Well, the code for the model is all in this file I already linked to in the previous post. An example usage is then as follows:
from pytorch.models.text.classifier.rnn import RnnClassifier, RnnType, AttentionModel, Parameters
# Check if GPU available
use_cuda = torch.cuda.is_available()
device = torch.device("cuda:0" if use_cuda else "cpu")
# Configure the RNN model
params = { 'rnn_type': RnnType.LSTM,
'rnn_hidden_dim': 512,
'num_layers': 2,
'bidirectional': True,
'dropout': 0.2,
'vocab_size': max_idx+1,
'embed_dim': 300,
'linear_dims': [200, 100],
'label_size': len(label_set),
'clip': 0.5,
'attention_model': AttentionModel.DOT }
params = Parameters(params)
model = RnnClassifier(device, params)
And the I use the model in my training loop as usual. Just some comments:
the Parameters class is just for convenience; it converts the dictionary of parameters into a class with all parameters as class variables.
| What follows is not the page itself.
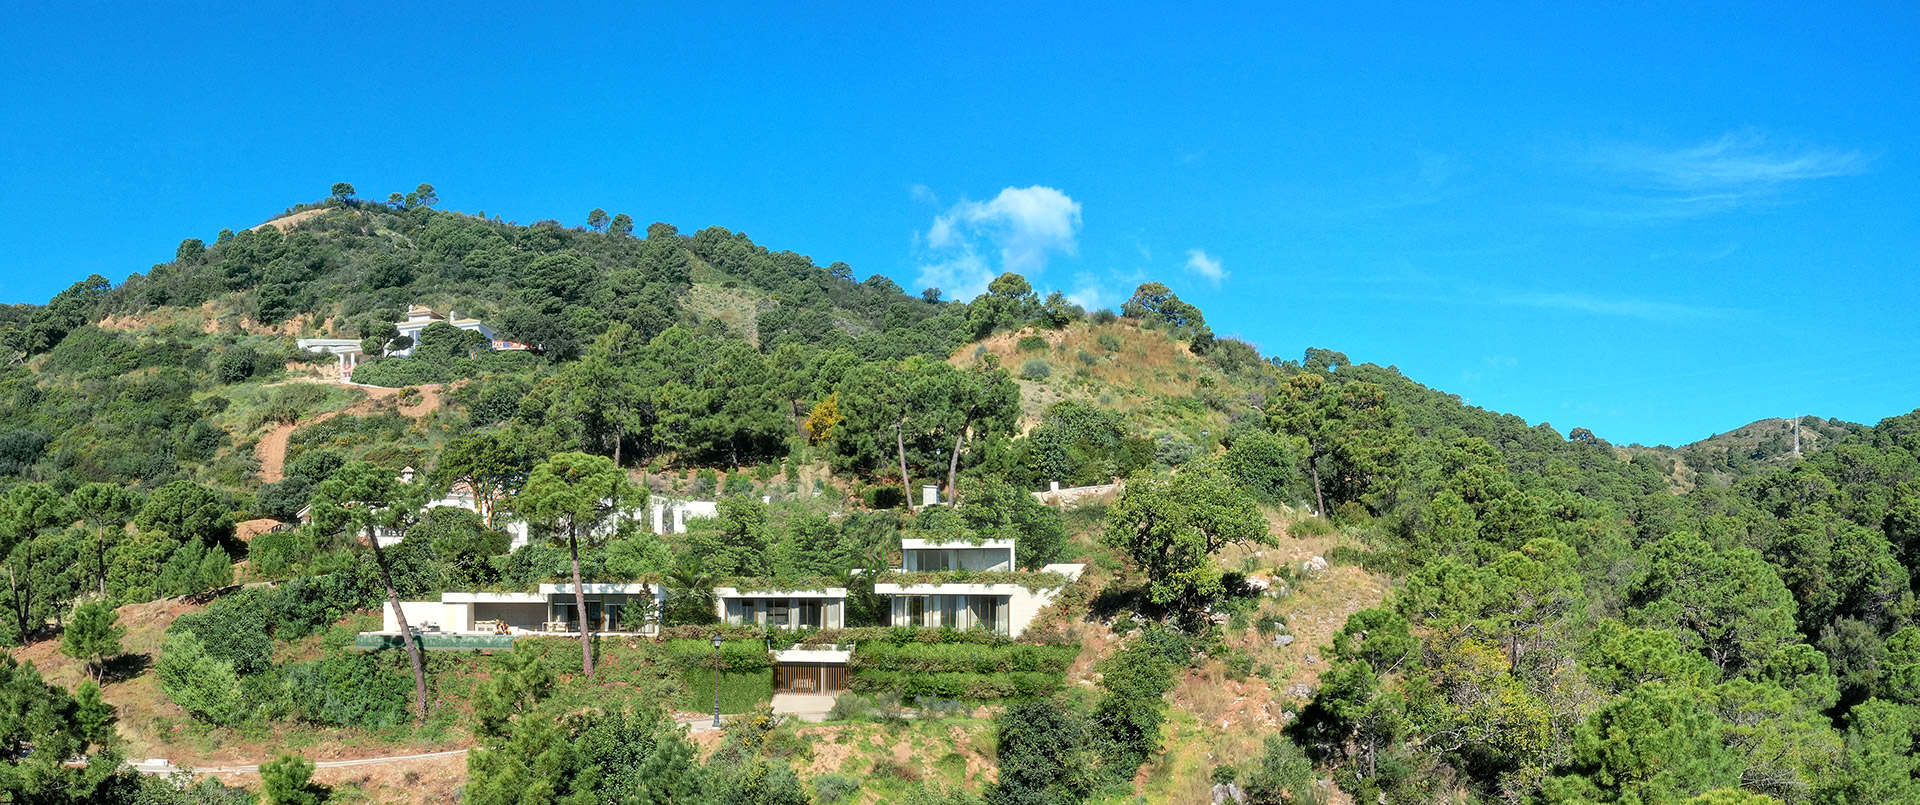 Villa-Monte-Mayor-K7-Pic-2
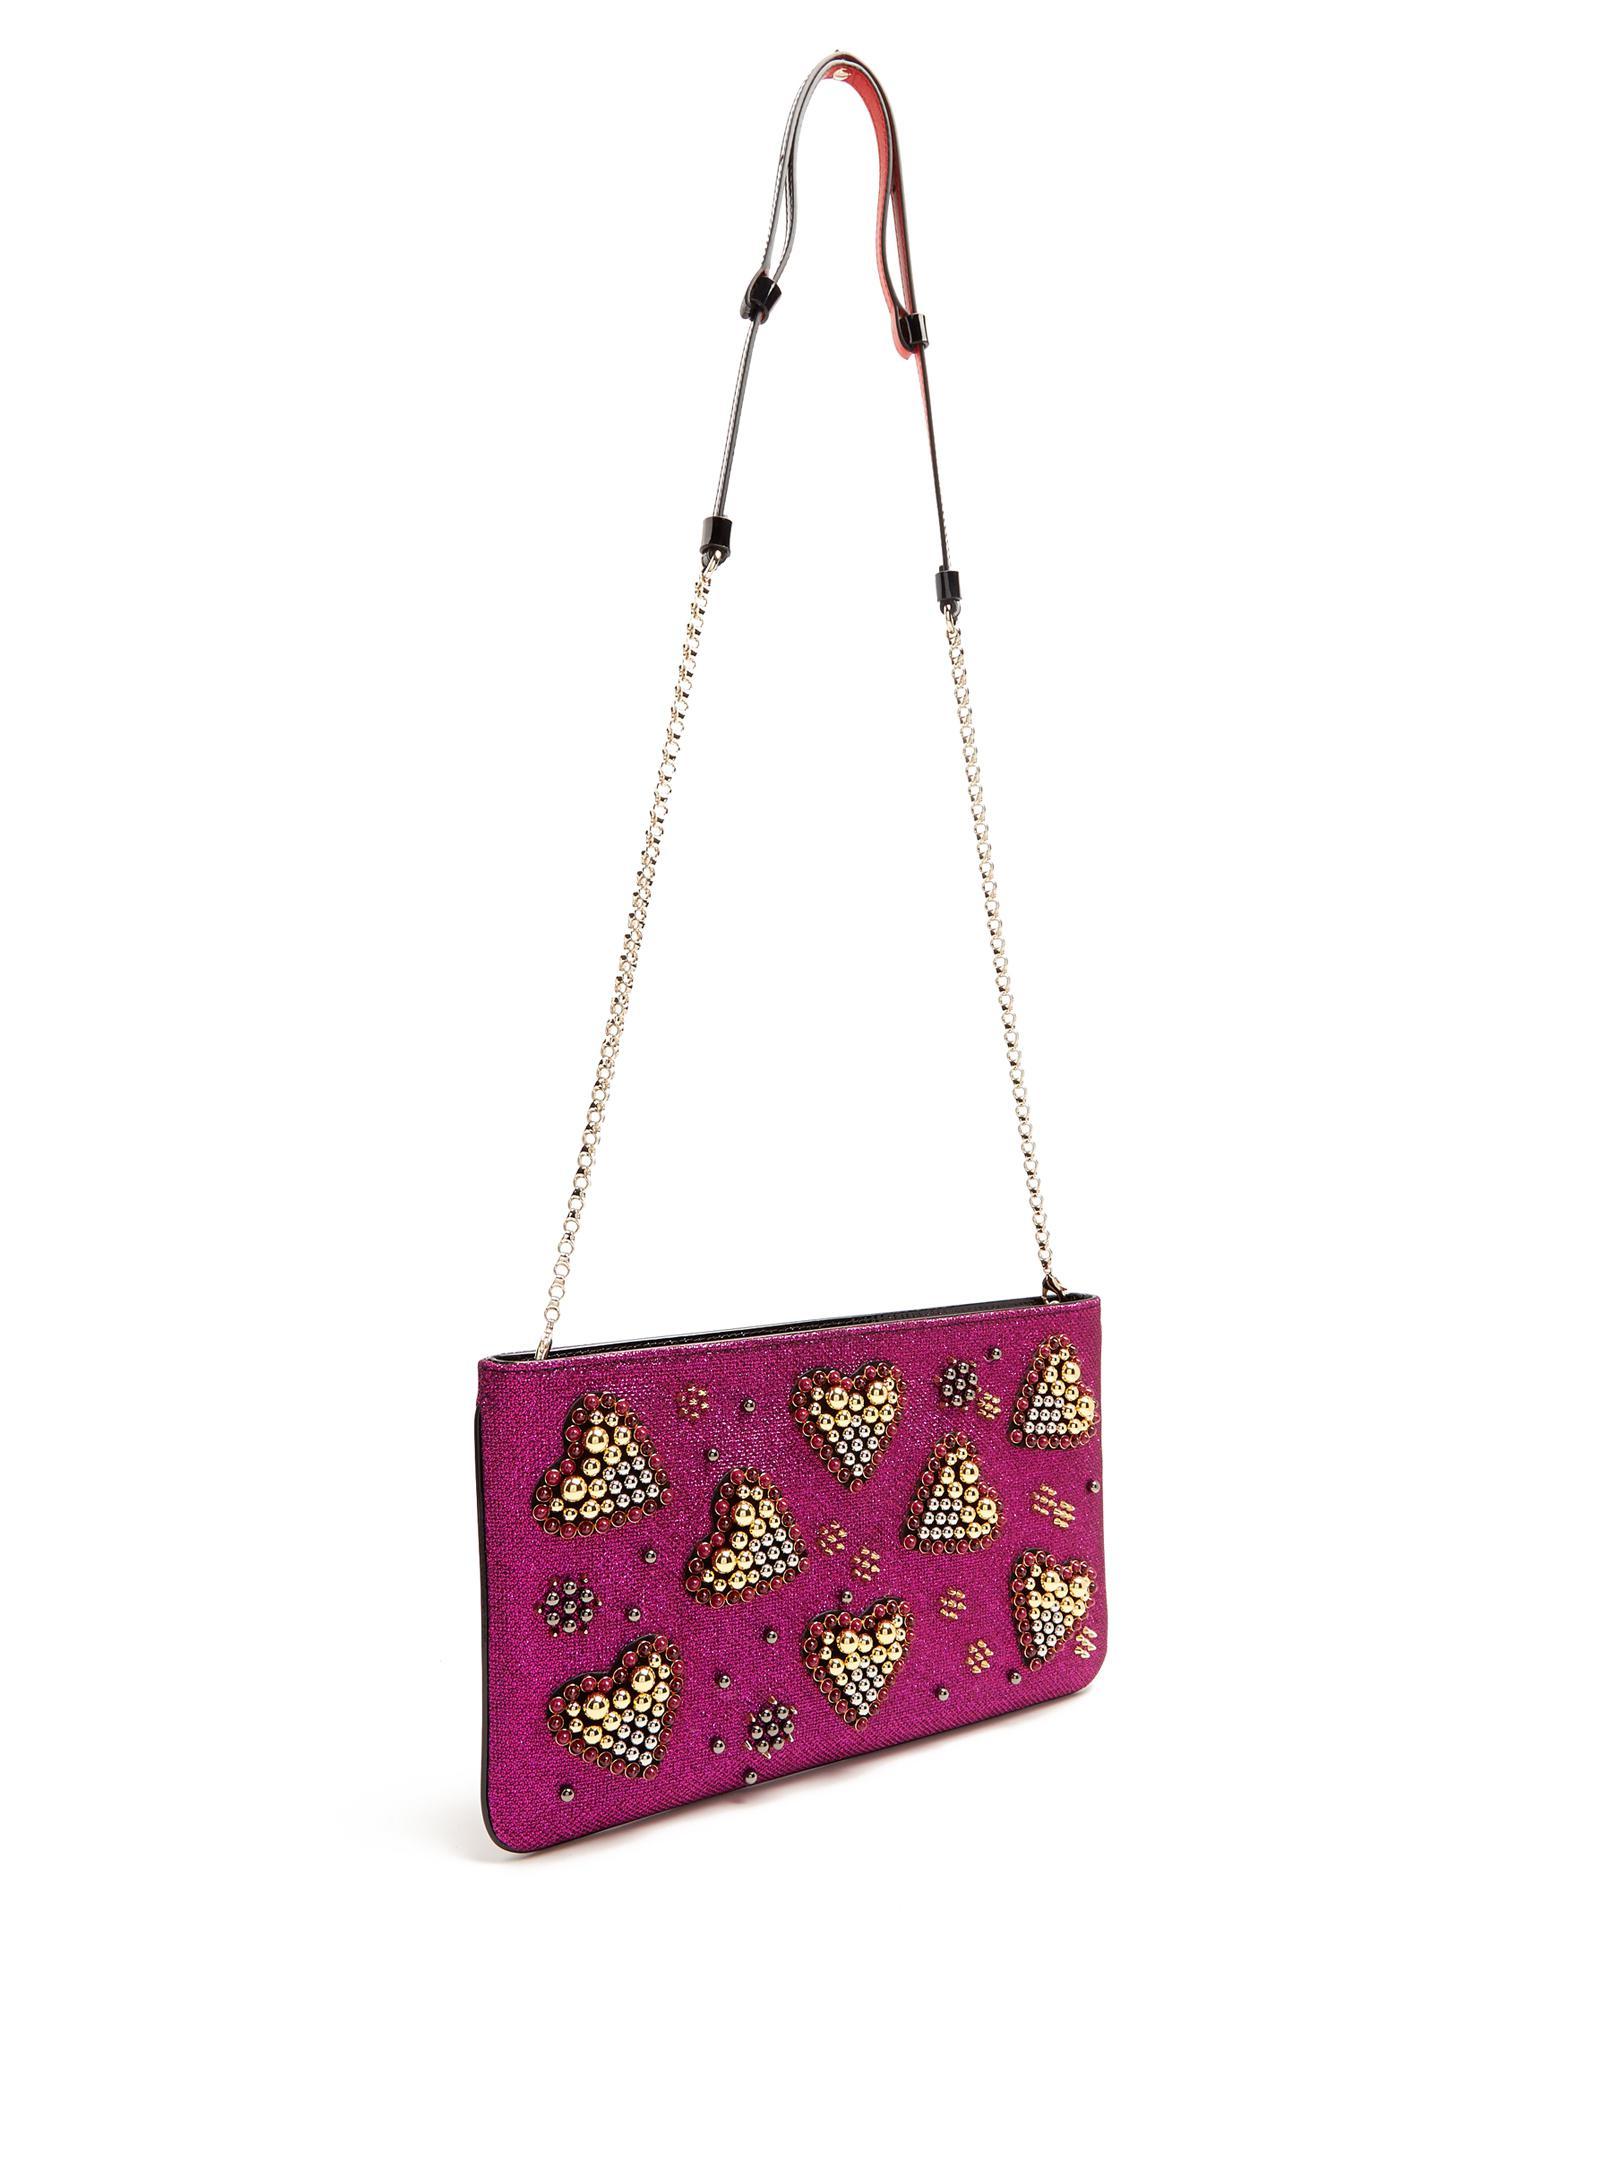 0b0f02857eb Lyst - Christian Louboutin Loubiposh Spike-embellished Glitter Pouch

max_idx here is the largest index in my word list, making max_idx+1 the size of the vocabulary
the configuration example above creates a 2-layer Bi-LSTM with a 512-dim hidden representation; the word embedding size is 300. The output if the last Bi-LSTM layer (and the last hidden state of the sequence) is pushed through 2 linear linear layers of size 300 and 200, before finally pushed through a linear layer of the output size.